La géographie climatique expliquée : les coalitions de pays

Chaque partie est représentée aux sessions de la Convention par une délégation nationale chargée de négocier au nom de son gouvernement. Même si le modèle onusien suit le principe d’« un pays, une voix », chaque pays, outre son groupe régional (au nombre de cinq : Afrique ; Asie et région du Pacifique ; Europe de l’Est et Europe centrale ; Amérique latine et Caraïbes ; Europe de l’Ouest et autres), appartient également à une ou parfois plusieurs coalitions.

  • Union européenne (UE)

L’Union européenne est elle-même une Partie à la Convention et au Protocole de Kyoto. Avec les 28 États membres, elle parle d’une seule voix lors des négociations climatiques. La présidence en 2015 est assurée par la Lettonie puis par le Luxembourg.

  • Groupe de l’Ombrelle

Le Groupe de l’Ombrelle constitue une coalition flexible de pays développés qui ne font pas partie de l’Union européenne et qui s’est formée dans le contexte des négociations sur les changements climatiques. Le groupe Parapluie s’est toujours positionné contre un prolongement du protocole de Kyoto. Bien qu’informel, il rassemble habituellement l’Australie, le Canada, les États-Unis, la Fédération russe, l’Islande, le Japon, la Nouvelle-Zélande, la Norvège, l’Ukraine et l’Islande. Ce groupe n’a pas de présidence officielle

  • Groupe de l’Intégrité environnementale (GIE)

Le GIE a été formé en 2000 par des membres de l’OCDE qui n’adhéraient pas aux positions adoptées par le groupe de l’Ombrelle, à savoir la Suisse, le Mexique et la Corée du Sud, qui ont ensuite été rejoint par Monaco et le Liechtenstein. Ce groupe n’a pas de présidence officielle.
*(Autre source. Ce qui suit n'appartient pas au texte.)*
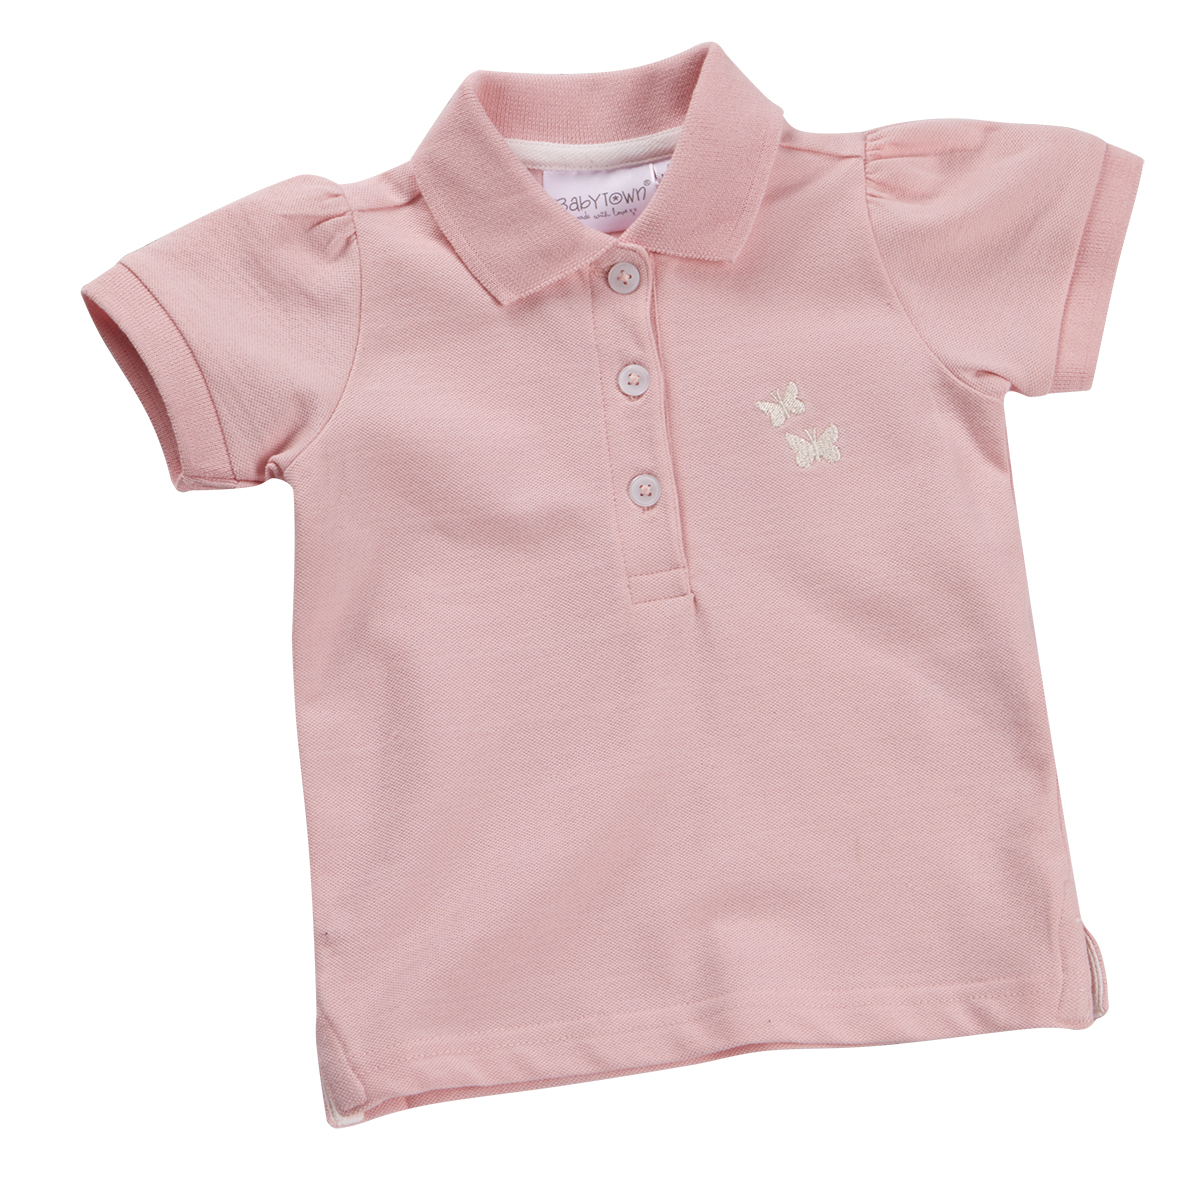 polo t shirt for girls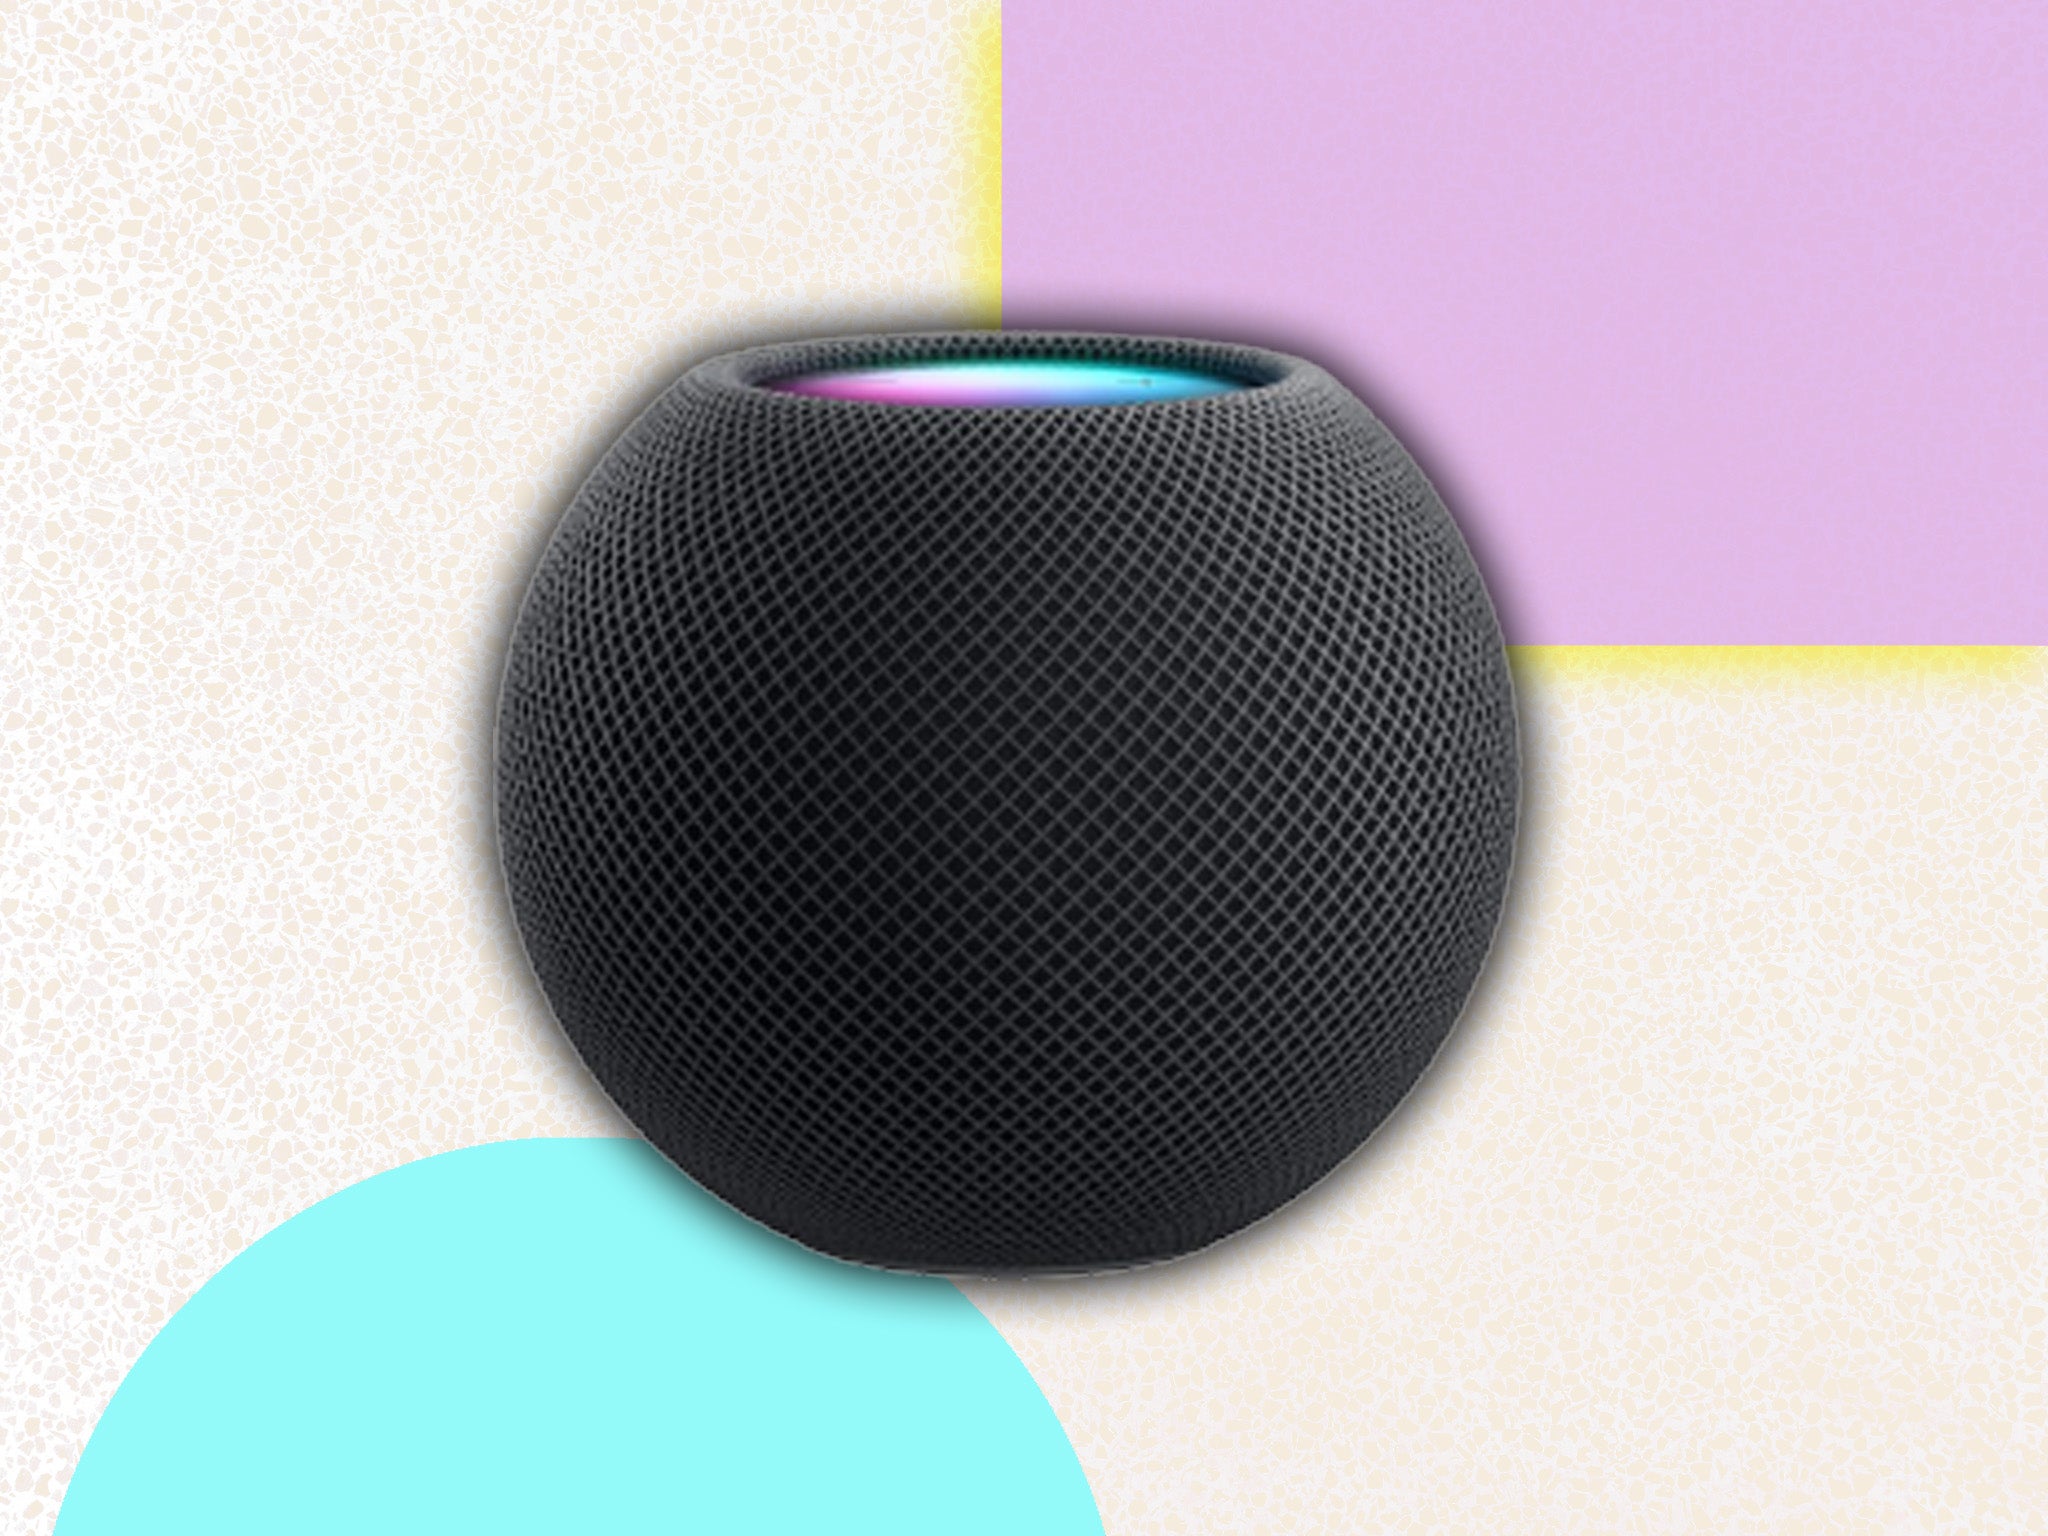 Apple homepod mini review: Is the smart speaker worth your money

  • Groupe des 77 et de la Chine (G77+Chine)

Le G77+Chine est composé de 133 pays en développement et de la Chine, celle-ci étant un membre associé plutôt qu’un membre à part entière, elle conserve sa singularité (d’où le « + »).
Ce groupe porte ce nom parce qu’il rassemblait 77 pays lors de sa création en 1964.

Lors des négociations sur les changements climatiques, les pays membres du G77+Chine adoptent parfois des positions divergentes, qu’ils défendent alors par le biais d’une autre coalition de négociation ou d’un groupe régional. La présidence en 2015 est assurée par l’Afrique du Sud et son ambassadrice Nozipho Mxakato-Diseko.
Aujourd’hui, ce bloc représente près de 80 % de la population mondiale.
Ces pays en voie de développement ont donc créé de nombreux petits groupes plus homogènes (AOSIS, PMA…).

Ambiance EGC

Au sein du Groupe des 77 et de la Chine (G77+Chine) :

– Le BASIC est un groupe de pays émergents formé par le Brésil, l’Afrique du Sud, l’Inde et la Chine. Il a été fondé en novembre 2009 pour définir une position commune avant la conférence de Copenhague.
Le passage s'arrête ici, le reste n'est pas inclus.